Tijdens het opnemen van bewegende beelden kunt u instellen of markeringen op de monitor moeten worden weergegeven of niet, en het type markering selecteren.

  1. MENU (Opname) → [Markeringweerg.] → Selecteer een menu-onderdeel en stel de gewenste parameter in.

Menu-onderdelen

Markeringweerg.:
Stelt in of markeringen moet worden afgebeeld of niet. ([Aan] / [Uit])
Middenmarkering:
Stelt in of de middelste markering wel of niet moet worden afgebeeld in het midden van het opnamescherm. ([Uit] / [Aan])
Verhoud.marker.:
Stelt de beeldverhouding-markeringweergave in. ([Uit] / [9:16] / [4:5] / [1:1] / [4:3] / [13:9] / [14:9] / [15:9] / [16:9]* / [17:9] / [1.66:1] / [1.85:1] / [1.91:1] / [2:1] / [2.35:1] / [2.39:1])

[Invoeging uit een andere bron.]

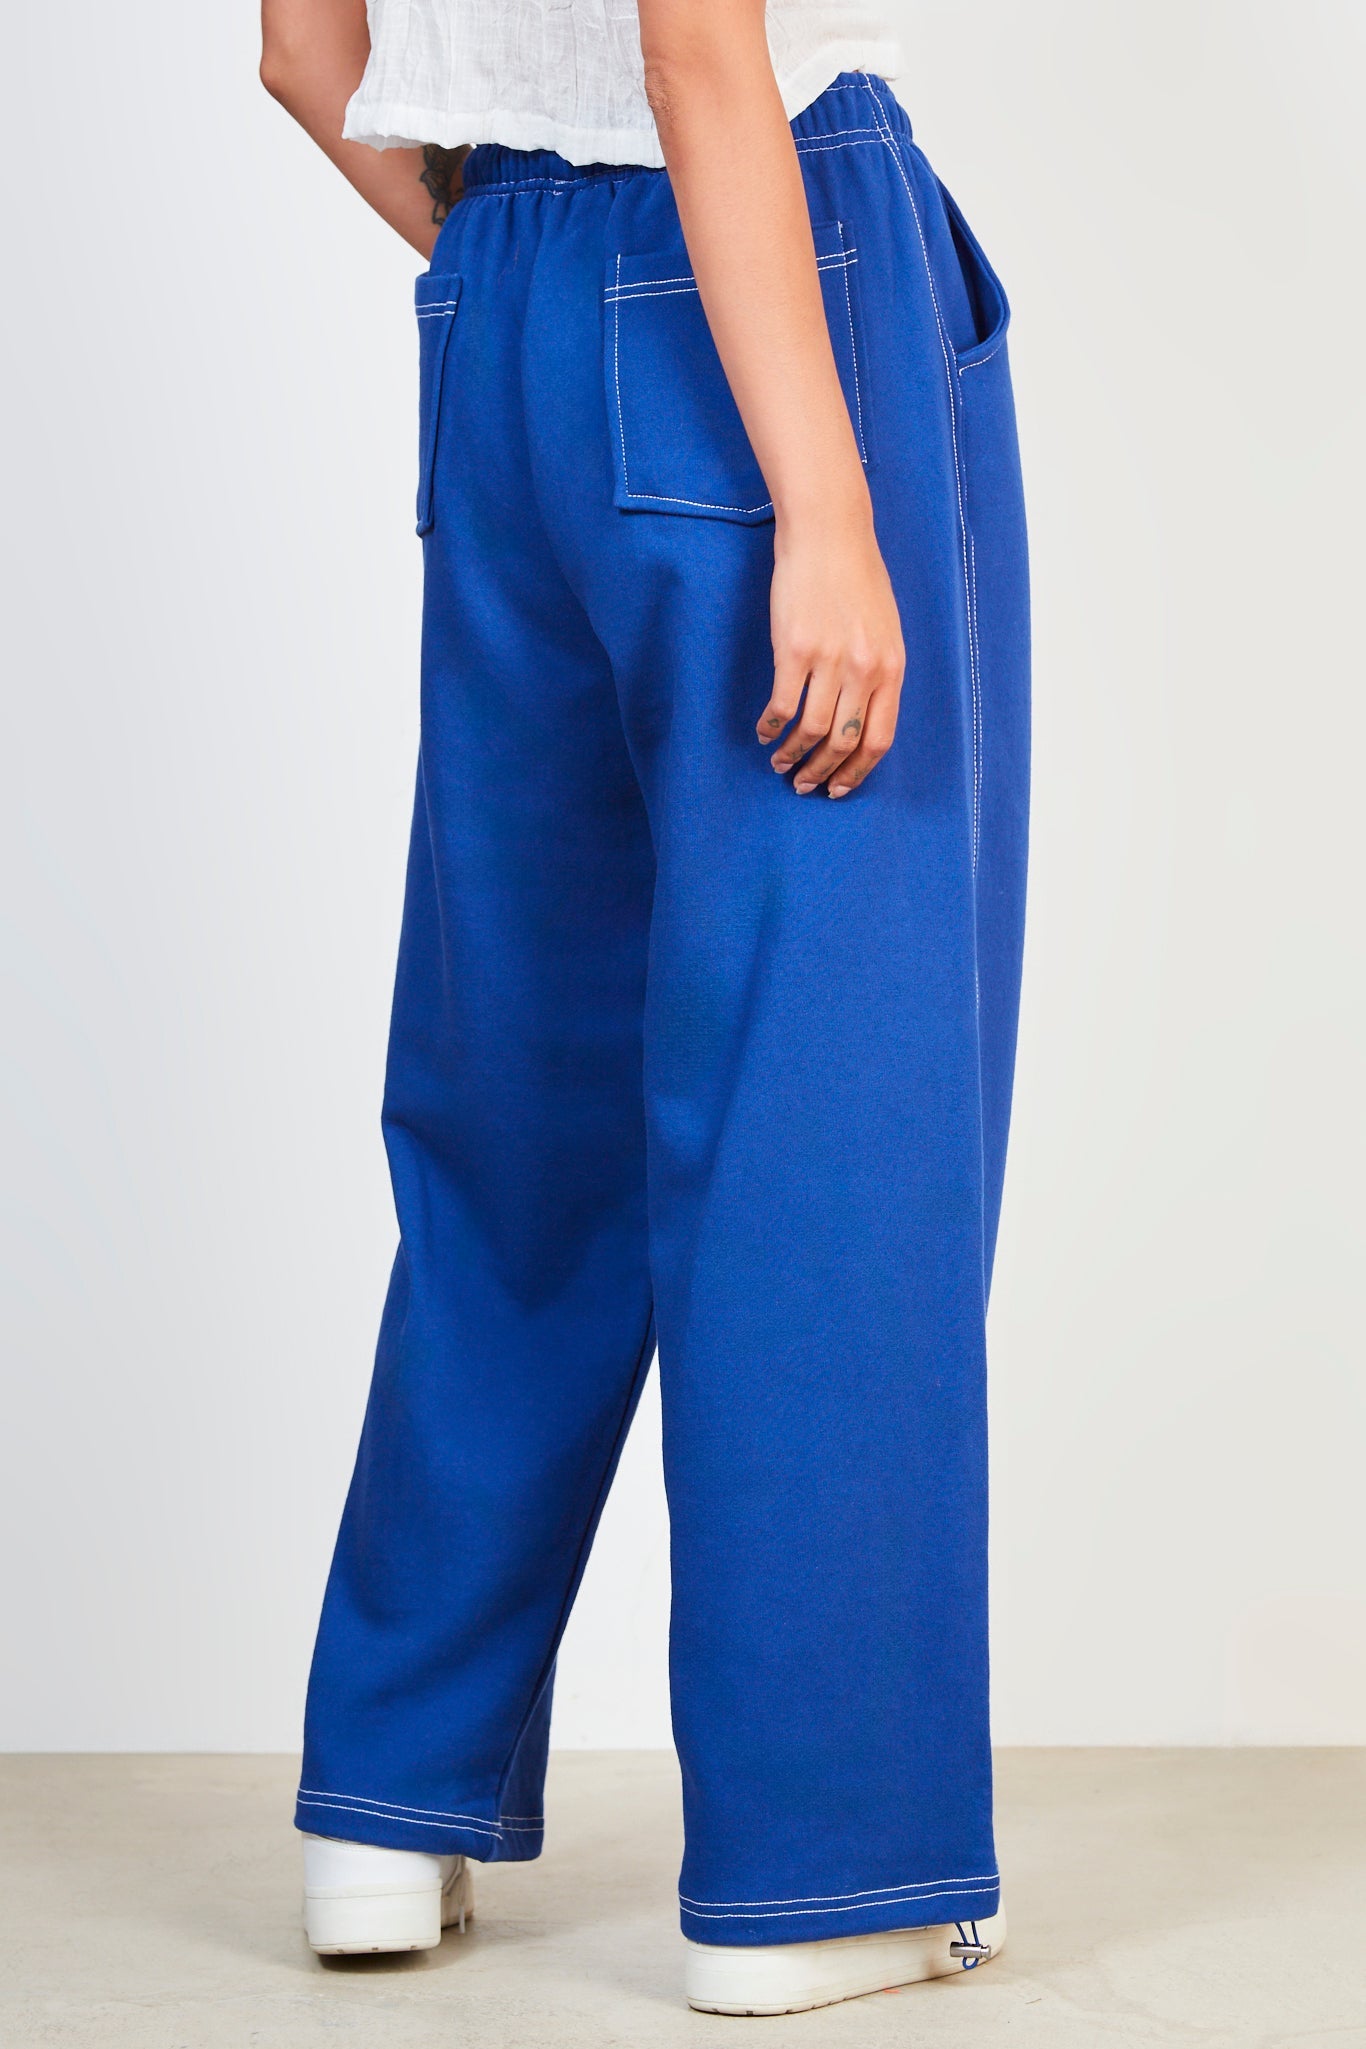 Blue and white contrast stitch sweatpants

* als de versie van de systeemsoftware (firmware) van de camera 2.00 of hoger is

Veilige zone:
Stelt de veiligheidszoneweergave in. Dit wordt het standaardbereik dat kan worden gehaald door een televisie voor algemeen gebruik. ([Uit] / [80%] / [90%])
Hulpkader:
Stelt in of het geleidingskader moet worden afgebeeld of niet. U kunt controleren of het onderwerp horizontaal of verticaal staat ten opzichte van de grond. ([Uit] / [Aan])

Hint

  • U kunt diverse markeringen tegelijkertijd afbeelden.
  • Positioneer het onderwerp op het kruispunt van [Hulpkader] om verzekerd te zijn van een evenwichtige compositie.

Opmerking

  • De markeringen worden weergegeven wanneer de opnamefunctie in de stand [Film] of [Vertraagd+versneld] is ingesteld of tijdens het opnemen van bewegende beelden.
  • U kunt geen markeringen afbeelden bij gebruik van [Scherpstelvergrot.].
  • De markeringen worden afgebeeld op de monitor. (U kunt de markeringen niet uitvoeren.)